06b2d7f1 7422 je mscorlib!System.Collections.Generic.LinkedList`1[[System.__Canon, mscorlib]].Find(System.__Canon)+0x65 (06b2d815)

>>> 06b2d7f3 8b5610 mov edx,dword ptr [esi+10h]

06b2d7f6 53 push ebx

06b2d7f7 8b4df0 mov ecx,dword ptr [ebp-10h]

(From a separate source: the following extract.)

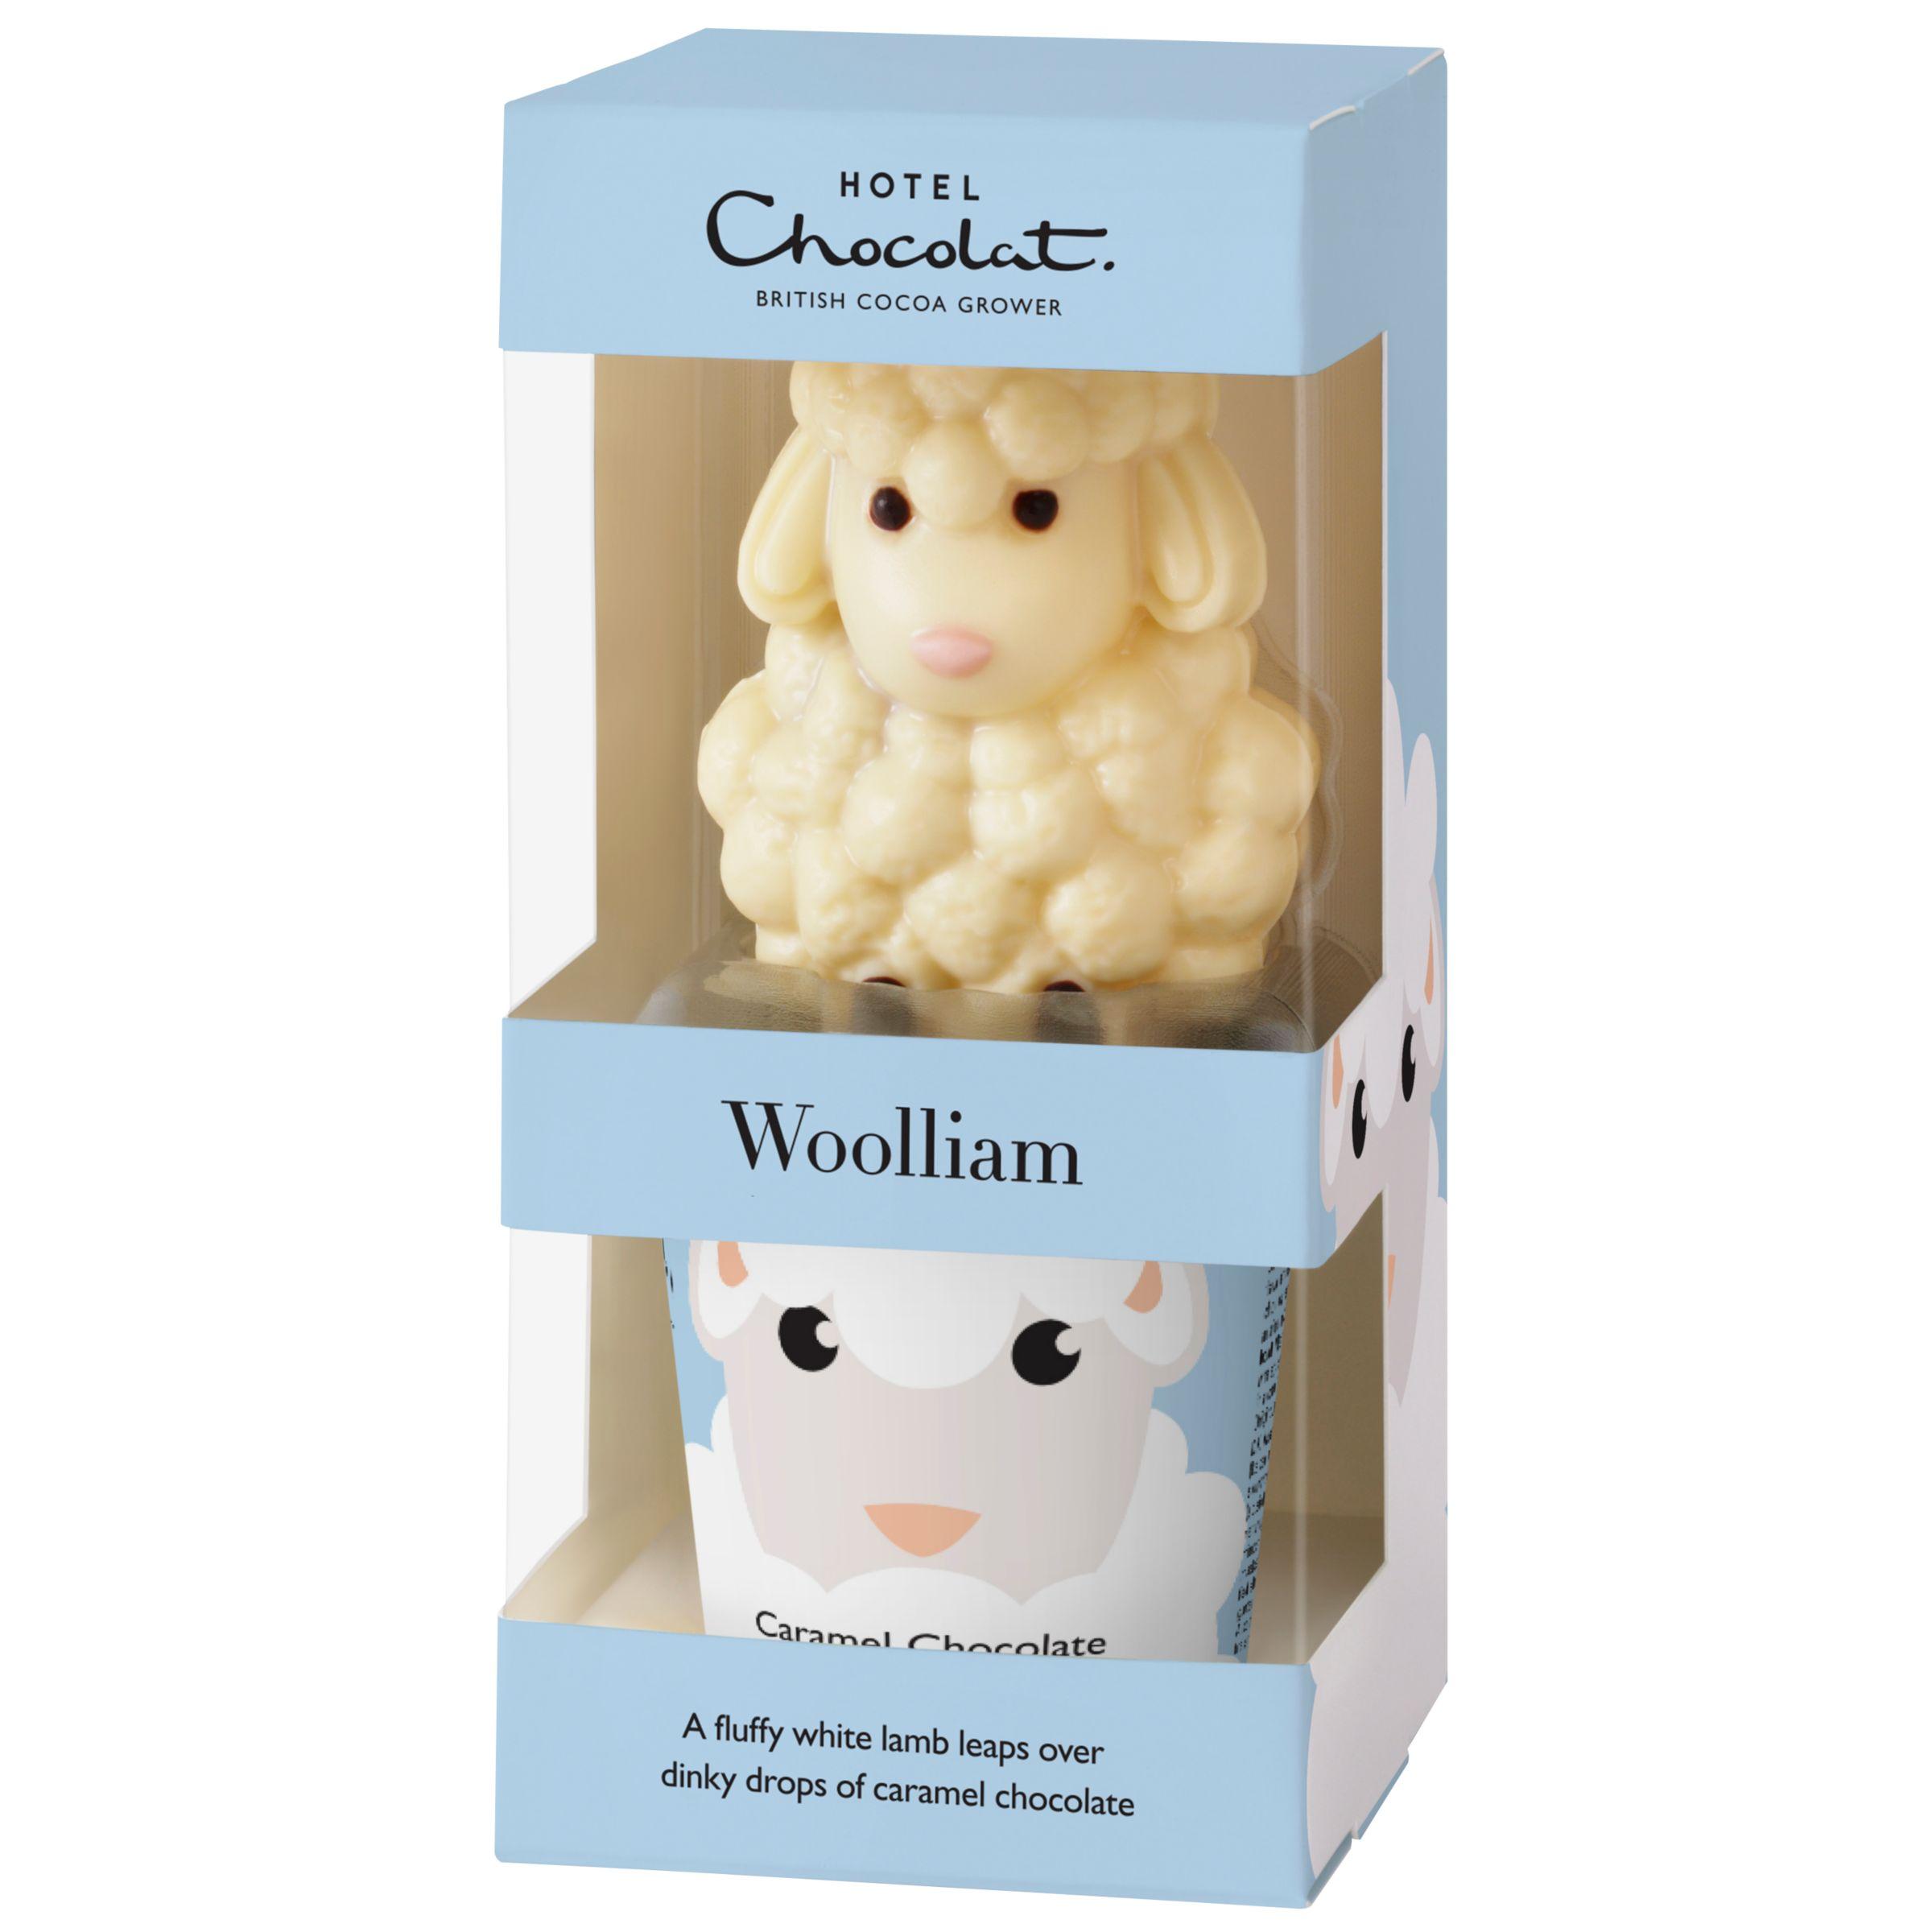 Hotel Chocolat Hotel Chocolat 'Woolliam' White Chocolate Lamb & Caramel Chocolates, 95g

06b2d7fa 8b01 mov eax,dword ptr [ecx]

06b2d7fc ff5038 call dword ptr [eax+38h]

0:022> r

Last set context:

eax=00000000 ebx=03339044 ecx=033310a8 edx=00000000 esi=00000001 edi=03312bc0

eip=06b2d7f3 esp=091be9f0 ebp=091bea00 iopl=0 nv up ei ng nz ac pe cy

cs=0023 ss=002b ds=002b es=002b fs=0053 gs=002b efl=00010297

Microsoft_Live_Moe_Runtime!System.Collections.Generic.LinkedList`1[[System.__Canon, mscorlib]].Find(System.__Canon)+0x43:

06b2d7f3 8b5610 mov edx,dword ptr [esi+10h] ds:002b:00000011=????????

0:022> dc @edi+4

03312bc4 136deb74 00000000 00000008 00000000 t.m.............

03312bd4 00fe553c 03312be8 00000258 00000000 <U...+1.X.......

03312be4 00020000 00fe56b0 00000258 00000004 .....V..X.......

The highlighted code at 06b2d7f3 is where the exception happened. If we read the assembly code, register @esi is assigned to the value at address @edi+4 at offset 06b2d7bb, and not changed afterwards. Register @edi is assigned at offset 06b2d7b7, and not changed afterwards. This means @esi should be the same as the value at memory @edi+4.

However, @esi = 1, while the memory at @edi+4 is 136deb74. Apparently, one of them is wrong. Telling from the value, it looks like the register @esi is corrupted.

We still don’t know why the register is corrupted. But at least we are confident that this is not a bug in LinkedList.

Comments

  • Anonymous
    April 07, 2008
    How does a register corruption happen?  Is it only in the CLR?  Or can an app cause it?

  • Anonymous
    April 07, 2008
    06b2d7e3 e810a078f9      call    mscorlib!System.Collections.Generic.EqualityComparer`1[[System.__Canon, mscorlib]].get_Default() (002b77f8) 06b2d7e8 8945f0          mov     dword ptr [ebp-10h],eax 06b2d7eb 85f6            test    esi,esi Does get_Default() report a result by setting esi to 1?

  • Anonymous
    April 07, 2008
    Rich, register corruption happens because the register is overwrited. This could happen for a couple of reasons, for example, the registers are not correctly saved and restored on method call, C++ functions modify register directly using __asm syntax, or, CPU hardware problem, like overheating. CLR could be one of the cause. Norman, The return value of call is stored in eax in x86, and rax in x64. It should not modify esi.